The Sequoia National Park, located in eastern California, houses some of the tallest trees in the world as well as the tallest mountain in the lower 48 states. Mount Whitney stands at 14,505 feet above sea level and the tallest tree has a name: General Sherman, a sequoia in the Giant Forest, stands at 275 feet tall with a circumference of over 100 feet. Imagine being a bird flying to your nest up there!

Bugsy Siegel could be considered the father of the Las Vegas Strip: the Flamingo Hotel and Casino opened in December 1946. Today, 45 million people visit Las Vegas a year to experience the city, enjoying gambling, shows and other events.

Washington is usually known for its high production of apples. However, it doesn't stop there: this state produces the most apples, pears, hops, red raspberries and sweet cherries. 2010 was a particularly fruitful year: Washington's harvest generated $1.44 billion.

The Blue Lacy was a dog bred on a ranch by the Lacy brothers in the mid-1800s, and it seems to be a personification of the Texan spirit. Sleek, incredibly hard-working, unshakable, these pups are gentle and a perfect companion for time out on a ranch. In 2001, this pup became the state dog.

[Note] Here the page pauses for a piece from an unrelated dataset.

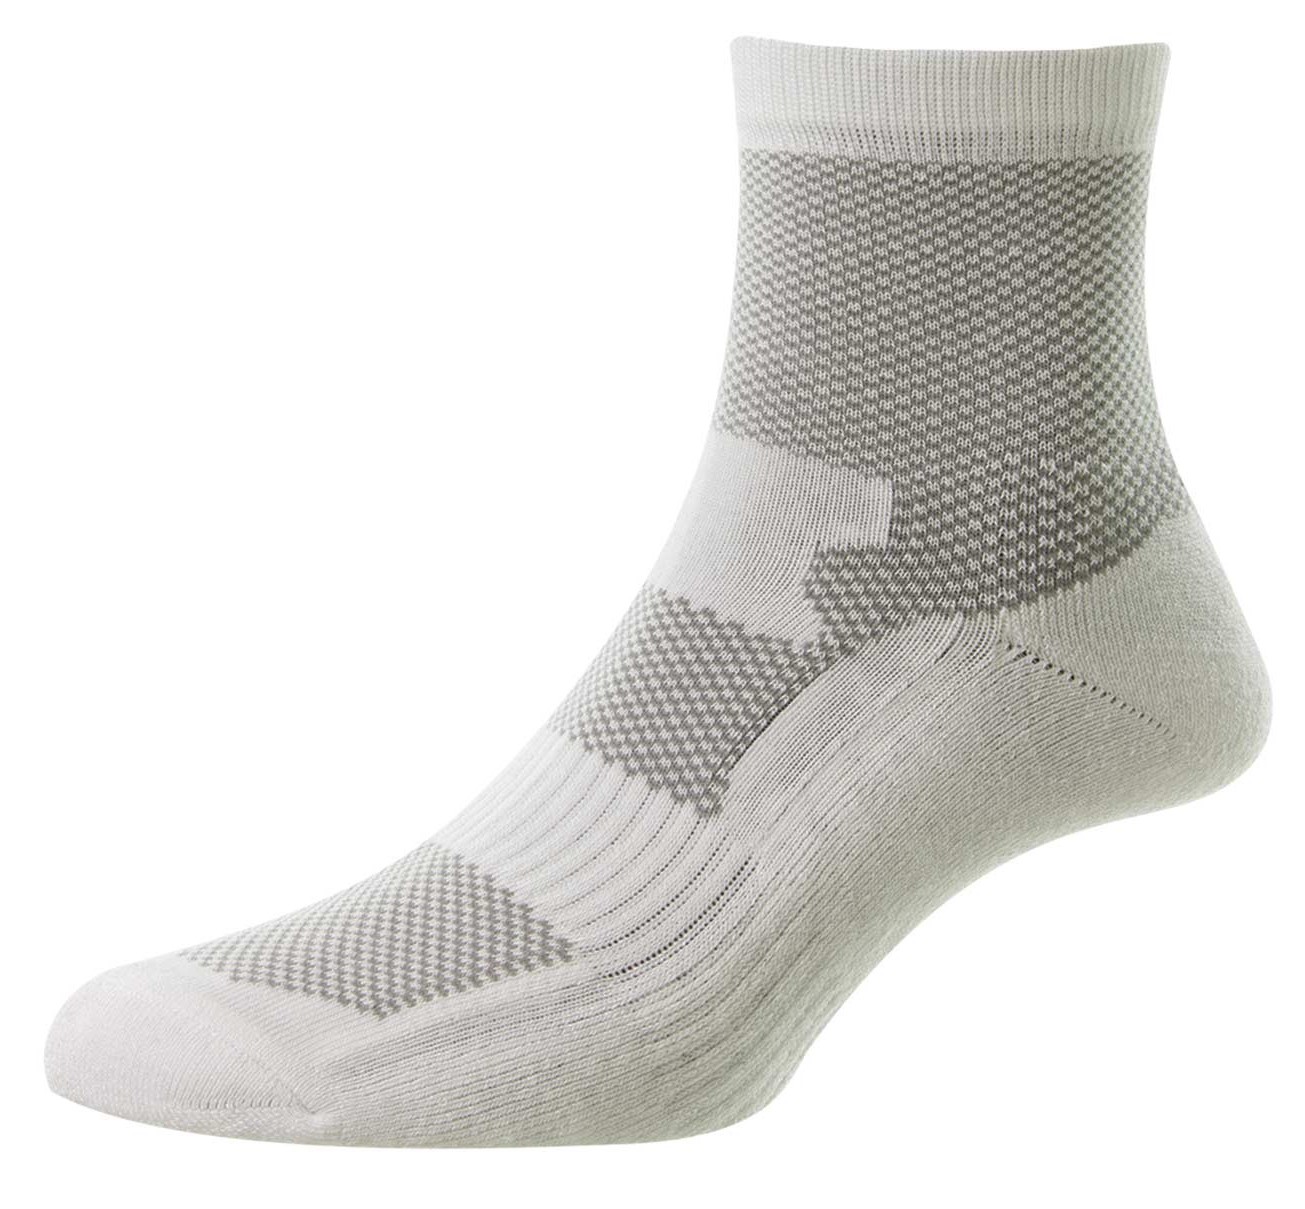 HJ Socks HJ7452 White size 6-11

Are you someone who likes to shop? If so, grab your comfy walking shoes and wallet! The Mall of America, located in Bloomington, Minnesota is a mecca for those who like to shop 'til they drop. Covering 4.2 million square feet, this megastructure has shopping galore as well as two mini-golf courses, an aquarium, and amusement park!

Literary icon Samuel Langhorne Clemens, better known as Mark Twain, was born in Missouri. His works include, "The Adventures of Tom Sawyer," "The Adventures of Huck Finn" and "The Celebrated Jumping Frog of Calaveras County."

For 30 years, Iowa native Johnny Carson interviewed and entertained the populace on "The Tonight Show." The show's first guest was Groucho Marx, a comedy legend known for his movies and the game show "You Bet Your Life." The final star? Another comedian: Robin Williams, who would make Carson double over with laughter with every appearance.

Oklahoma City, the capital of Oklahoma, is located in an area of the United States nicknamed "tornado alley." On one very unfortunate day, Oklahoma was struck not by one, but five different tornadoes! Between 1890 and 2010 Oklahoma City was hit by 147 tornadoes.

One of the unsung heroes of the American Revolutionary War isn't a human, it's a tree! The iconic palmetto trees that grow in South Carolina saved countless lives. How? The logs of these trees are incredibly resilient: when cannonballs were hurled toward a fort on Sullivan's Island, these cushy logs bounced them off of them, instead of splintering and causing harm to those inside.

An avid hunter, President Theodore Roosevelt, was on a hunting trip with Mississippi Gov. Andrew Longino in Onward, Mississippi in 1902 when he came across a bear tied to a tree. After refusing to kill a hopeless animal, a toy was created that is still cuddled by kids today: the Teddy Bear.

Are you a fan of the Christmas season? Can't wait to get your hands on candy canes and peppermint everything? There's no doubt that we all love the time off around the end of the year. What does this have to do with Alabama? It was the first state to declare Christmas a national holiday in 1836.